### INFORMATION SUPPLIED
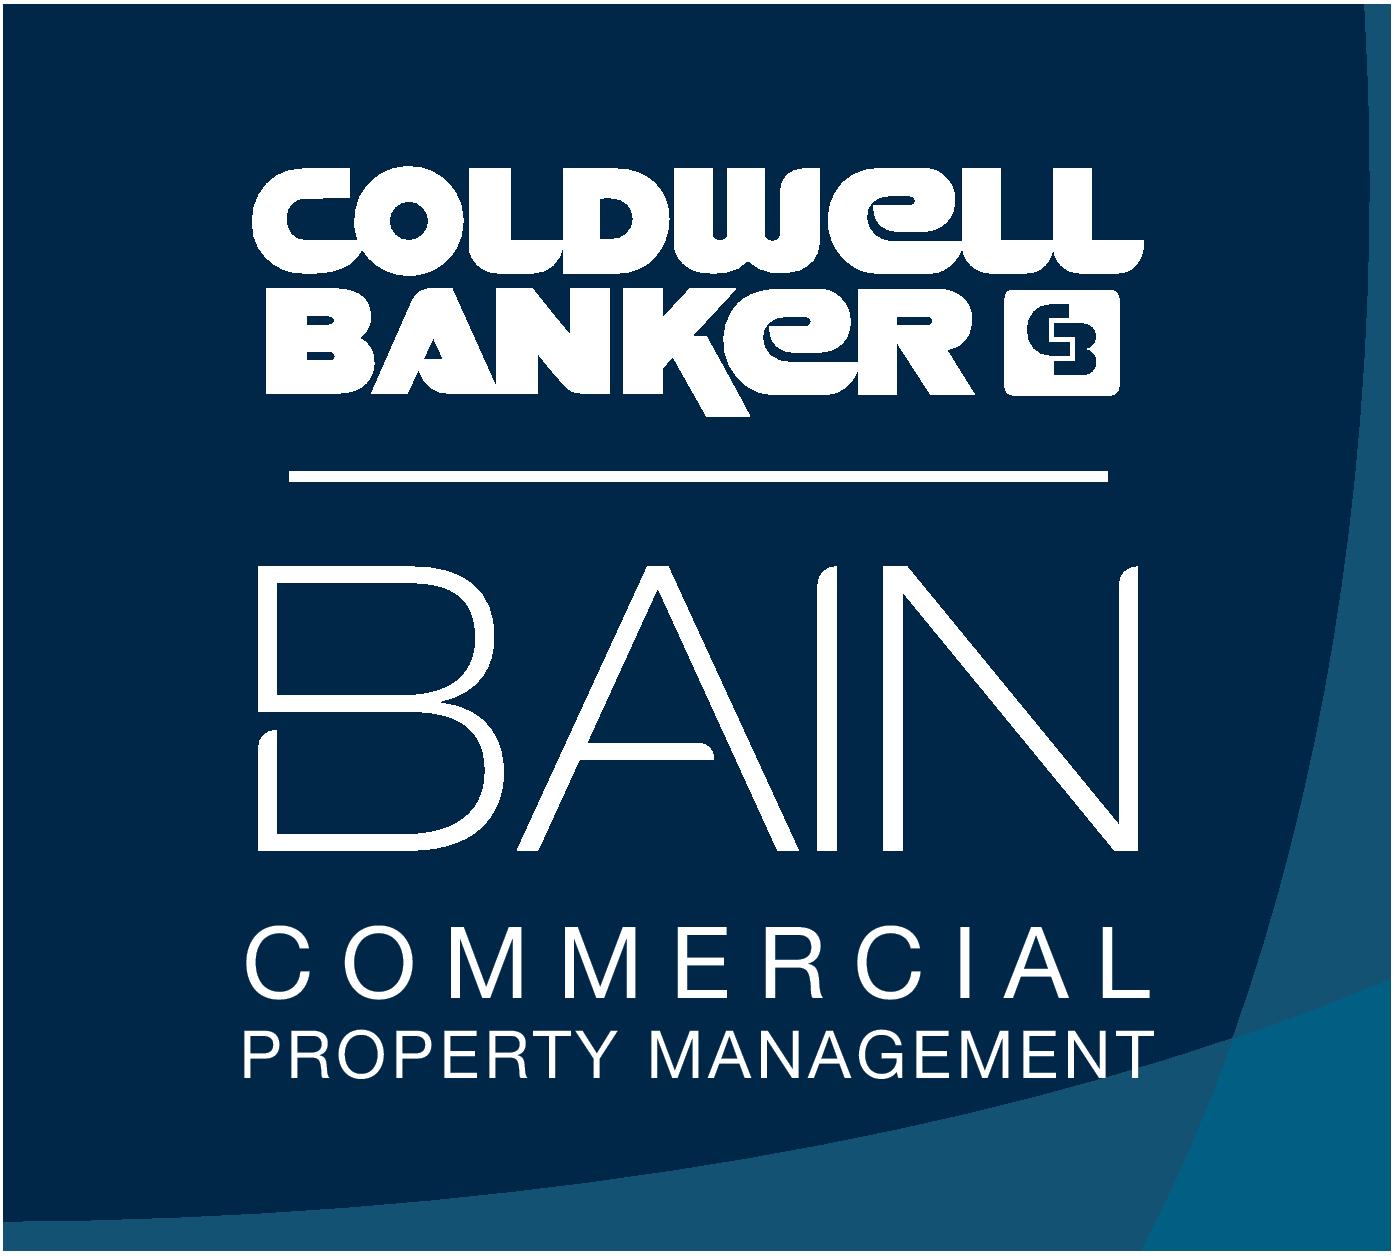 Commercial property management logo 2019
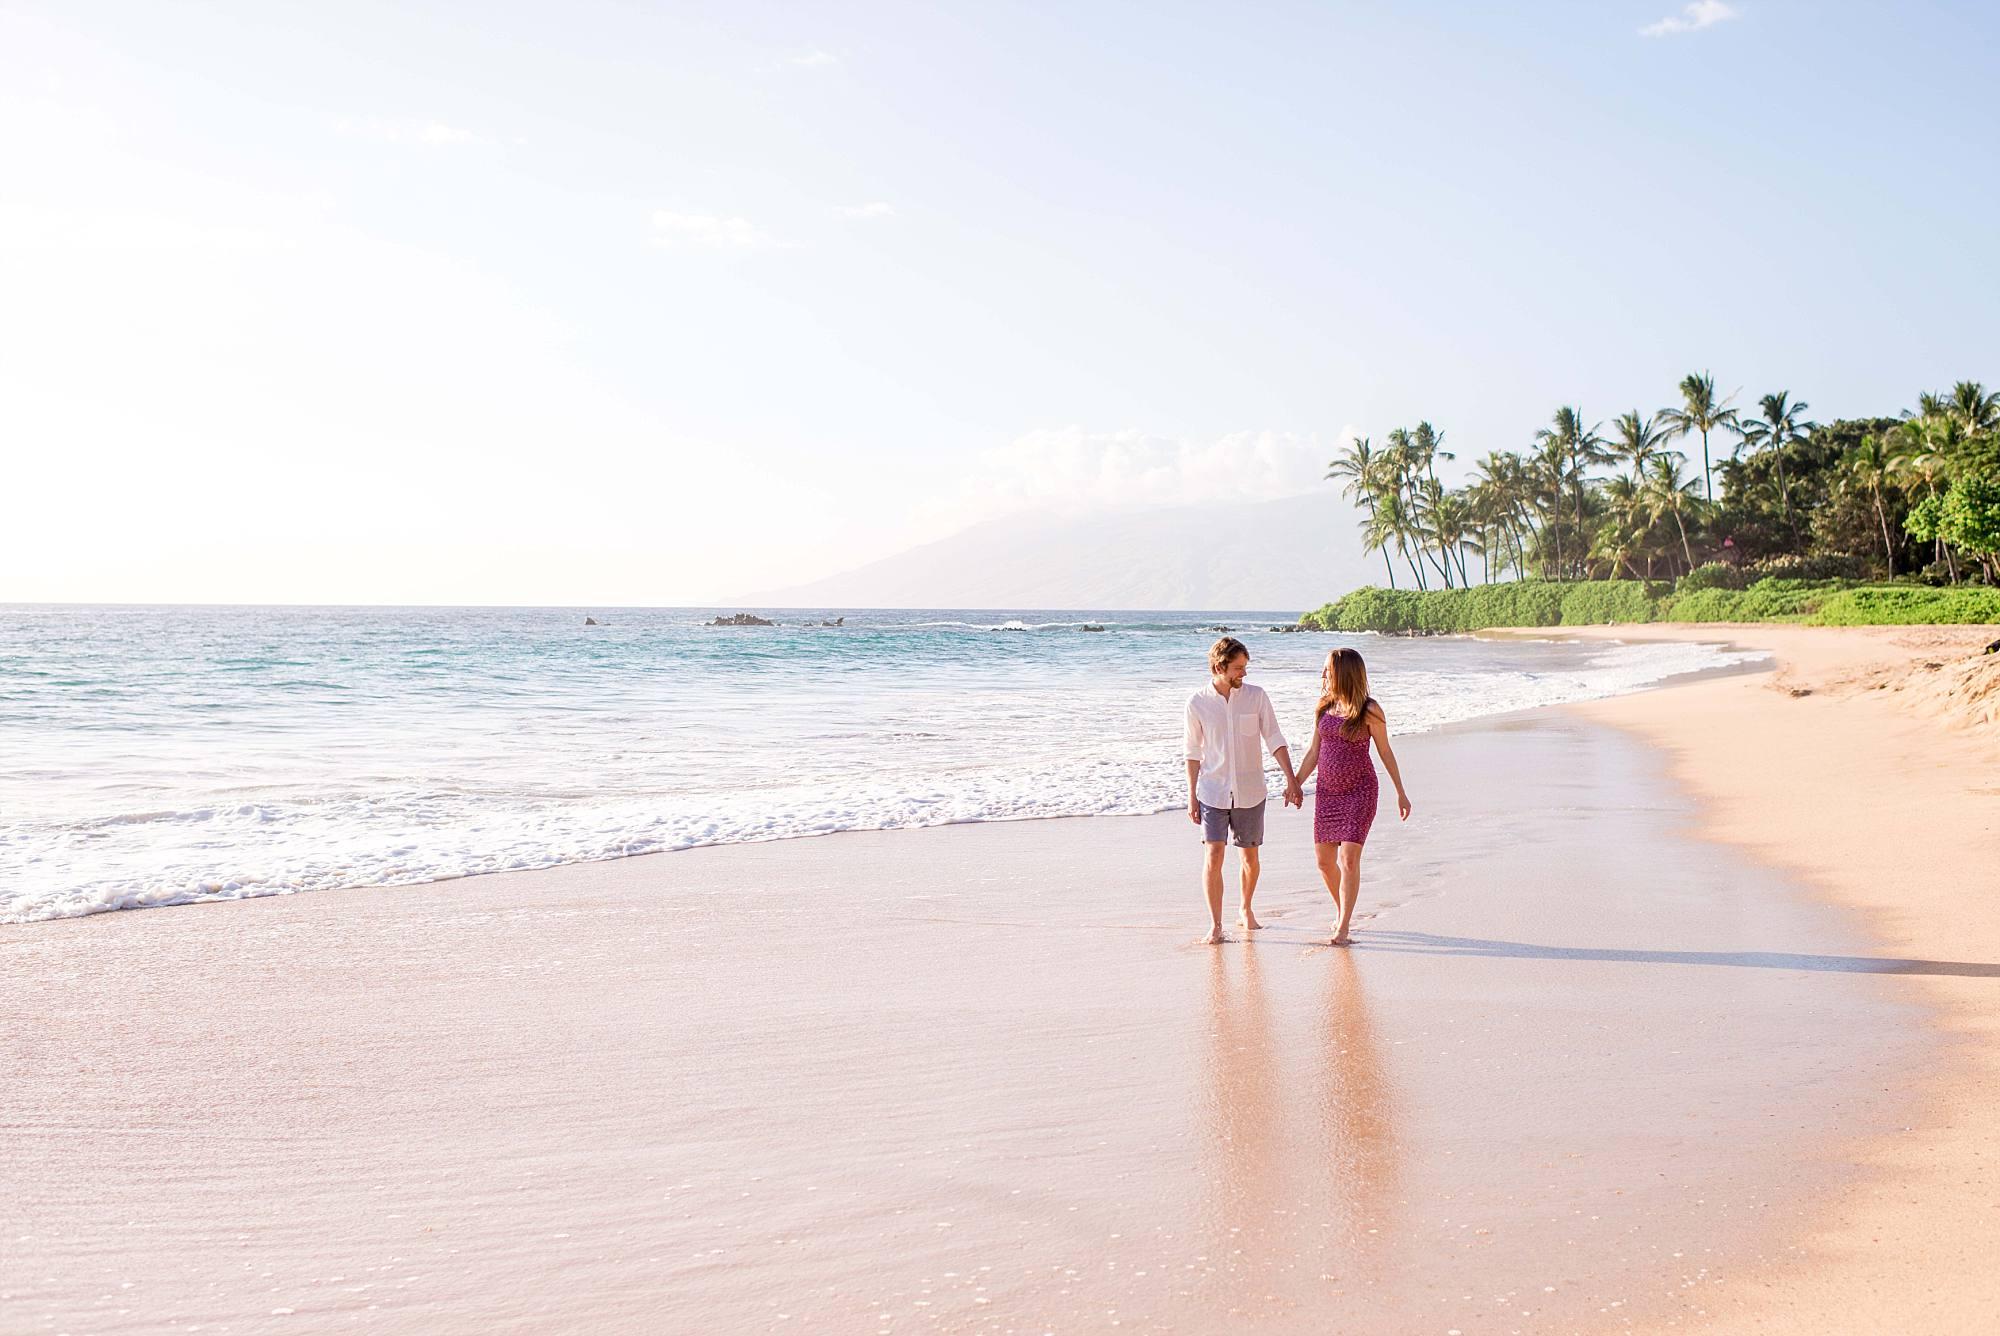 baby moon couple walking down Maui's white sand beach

* * *

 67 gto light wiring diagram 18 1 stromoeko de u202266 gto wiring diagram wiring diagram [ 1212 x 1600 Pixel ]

--

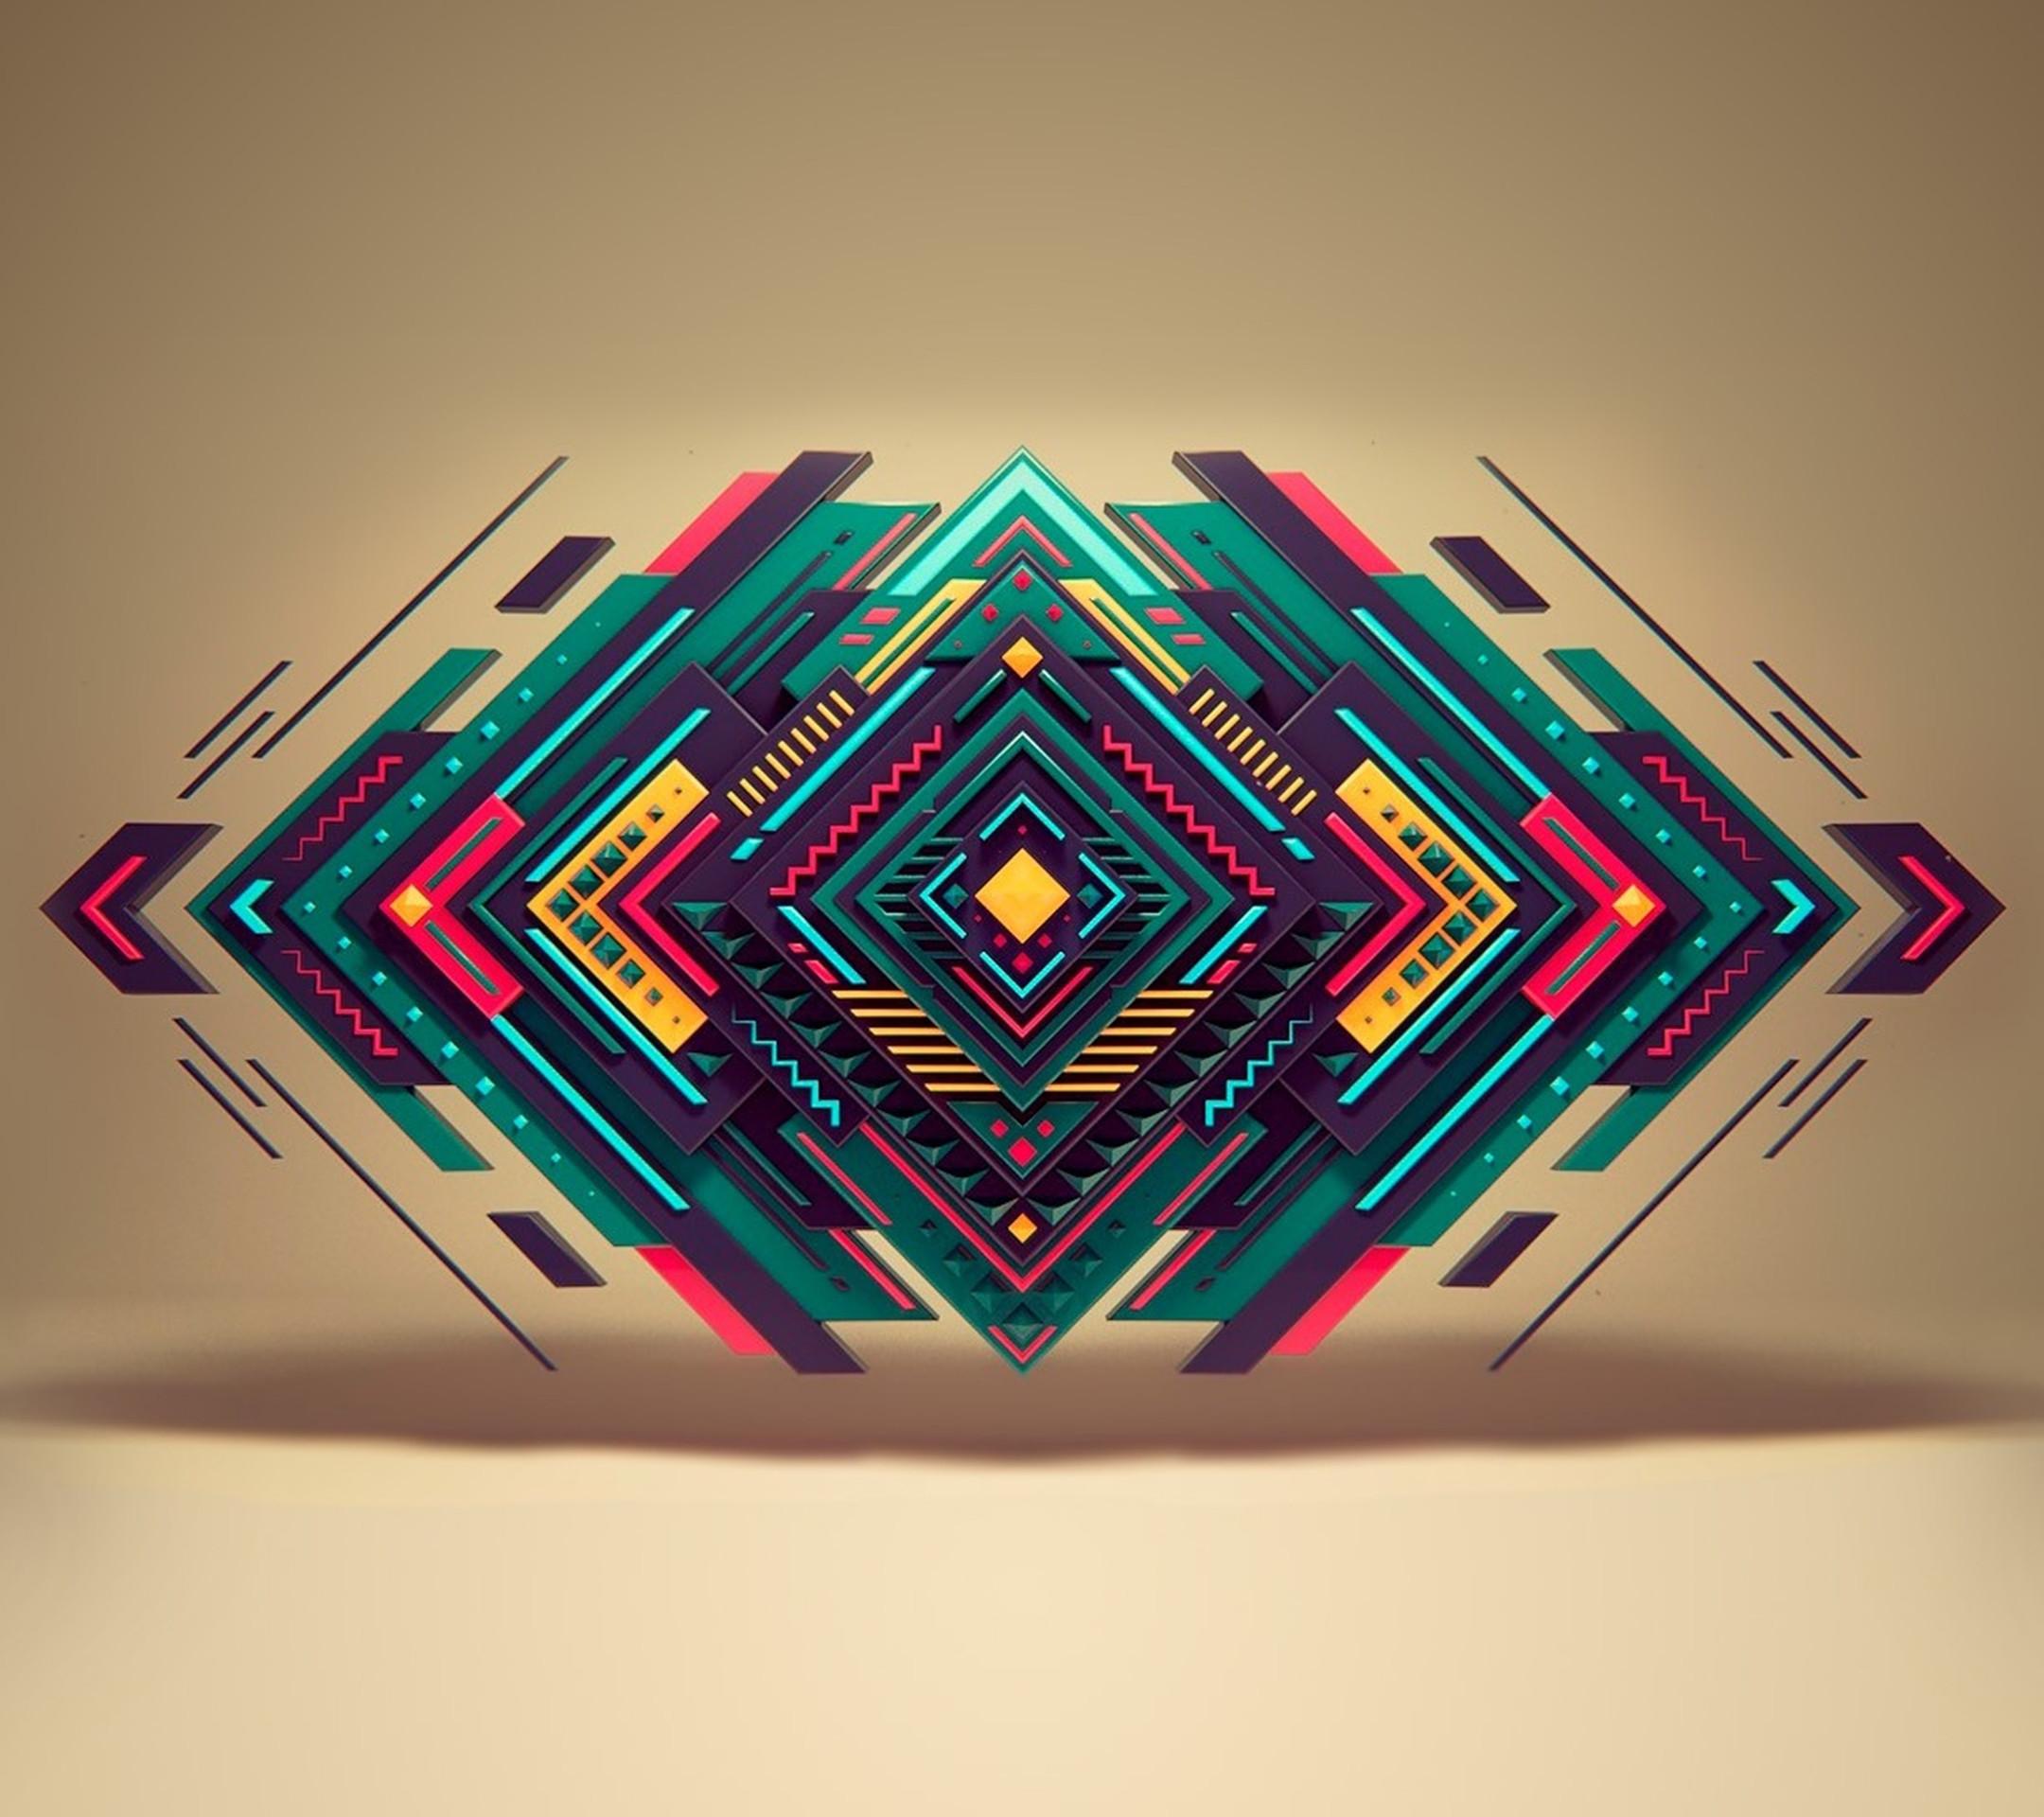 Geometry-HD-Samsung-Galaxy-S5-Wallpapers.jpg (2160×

### YOUR GOAL
Extract, without any images, the part of the material above that opens with the line containing "Commercial property management logo 2019" and closes with the line containing "baby moon couple", both lines included.

### WRITTEN RESPONSE
 Commercial property management logo 2019
 baby moon couple walking down Maui's white sand beach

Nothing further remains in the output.